Pranaya told Pratibha to hurry up because the dusk was growing thicker every other minute, and the street lights had already come on. They had to cross the road and go across the overhead bridge to catch the bus to their destination. Since it was their first experience riding a bus along that route, the couple were a little worried. Pranaya walked ahead, and Pratibha followed him. She remembered to buy some apples from a fruit vendor standing at the side of the road. The apples would be good for gifting her maternal grandparents.
Pranaya put the plastic bag with apples into his rucksack. Pratibha paid the money to the fruit vendor from her purse, which she kept in her handbag. Then, they hurried to the bus stand where they found several minibuses with their helpers yelling at the passengers to call them. They had to find the bus to Thankot; therefore, Pranaya asked some men about the route number of the bus they were supposed to catch. They had to run wildly here and there for some time. Finally, they heard a bus helper screaming: “Thankot … Thankot … Thankot.”
The minibus was almost empty at first. But a crowd of people gathered soon around the door of the minibus, which was moving ahead in slow motion. Pranaya was alert that there might be pickpockets in such a crowd. Therefore, he told Pratibha to hide the gold chain around her neck under her kurta-collar. She also hid her earrings under the shawl that she used for covering her head and shoulders. She was carrying her peach-colored handbag, hanging down from her right shoulder. She held her handbag firmly under her right armpit while climbing up the minibus.

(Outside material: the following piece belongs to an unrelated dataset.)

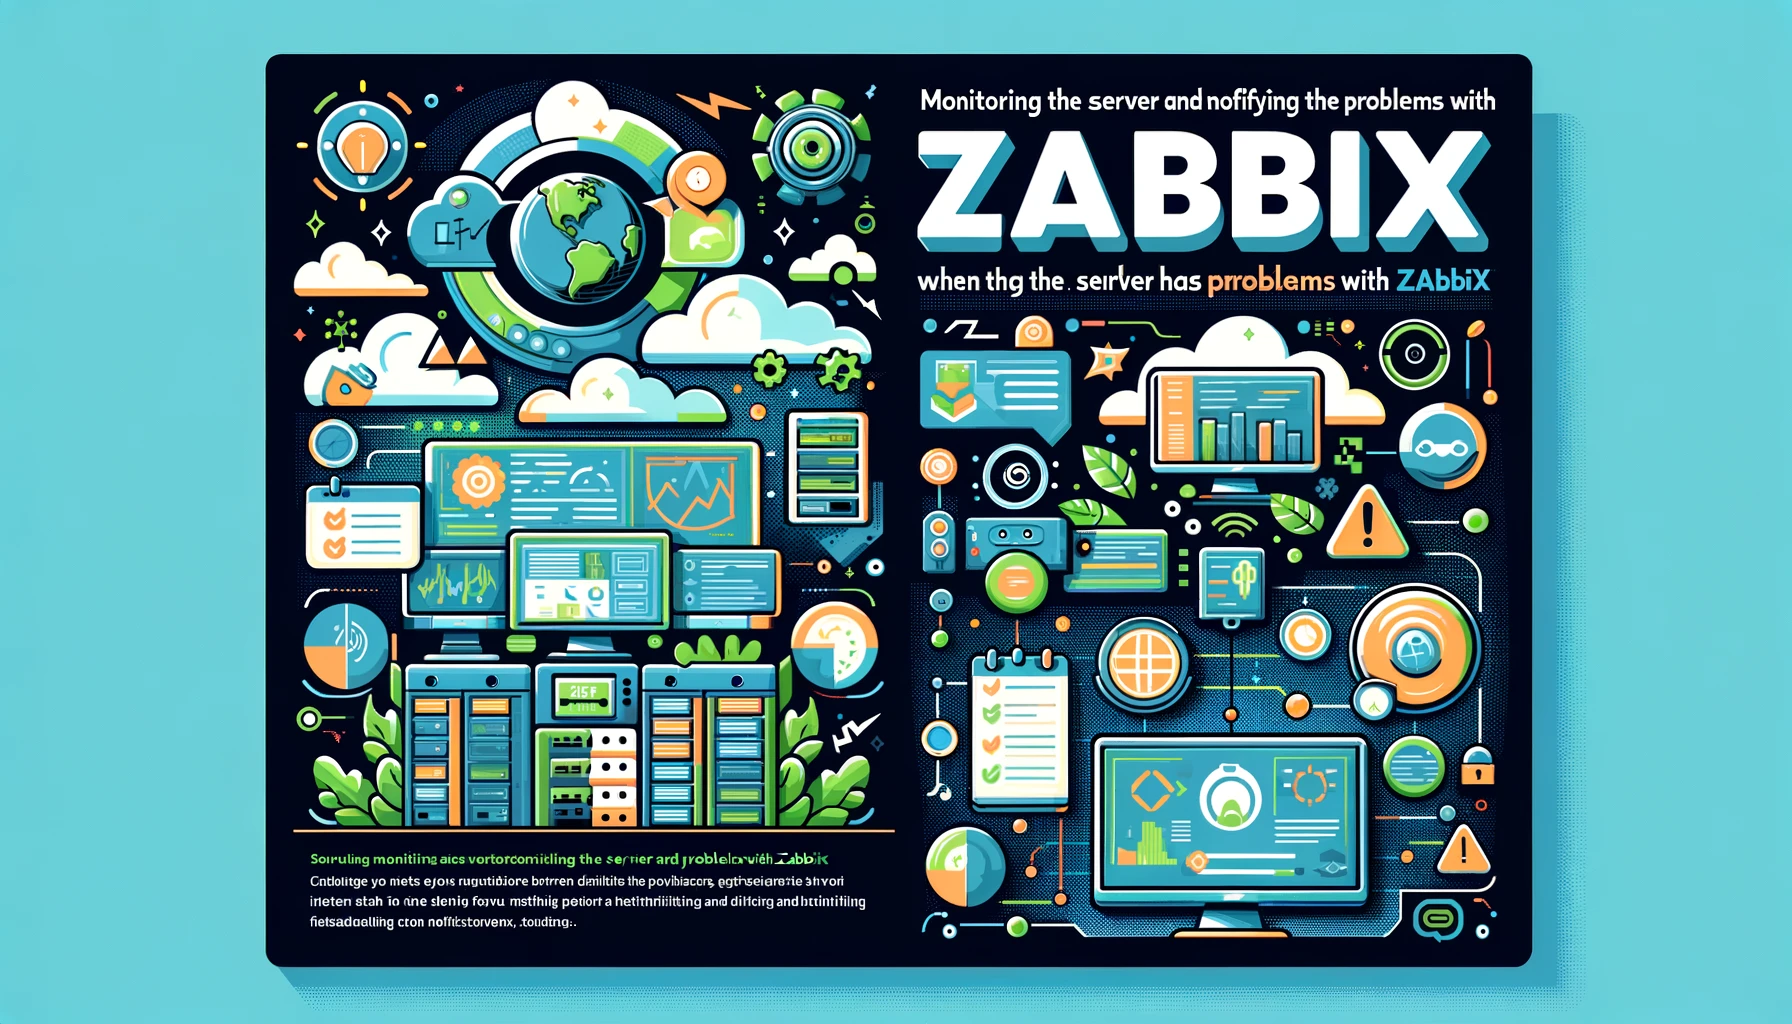 Lesstion 1 - Monitoring the server and notifying when the server has problems has never been difficult with Zabbix

But at the door of the minibus, people were pushing and pulling each other to get on board. It was the last bus to Thankot, so the people were competing with each other in a do-or-die situation. Pranaya was cautious of the possibility of thugs around him, so he caught both side-handles of the bus door firmly and pushed Pratibha up with his chest using all his might. Pratibha, with a great effort, finally succeeded in getting on the bus.
The experience in itself was like winning a wrestling match. The crowd pushed them further away from the door. In a while, they found themselves in the middle part of the minibus. It was very narrow and dark inside, but more and more people were gushing in. Somebody pushed Pranaya’s rucksack so hard that his right shoulder suddenly felt the weight of the whole Earth on it. He dropped his heavy bag to the bus floor for a while to give his shoulder some rest. It was then that Pratibha realized she had already lost her precious handbag.
Pranaya was clueless at first about what to do. He took out his mobile phone and dialed Pratibha’s saved number. The ring went on for a while and then disconnected. He repeated this action while both he and his spouse listened keenly for the ringtone inside the minibus. But they did not hear it. The minibus had by now arrived at Tripureshwor, far away from the place where Pratibha had lost her handbag.
Pranaya kept dialing Pratibha’s phone number. Though by now the couple had lost hope, Pranaya’s heart did not accept defeat. He kept dialing all along the journey until it said, “The mobile you dialed is switched off,” when they had arrived at Satungal. It was already 9:00 p.m. when they reached their destination, with sunken hearts, defeated.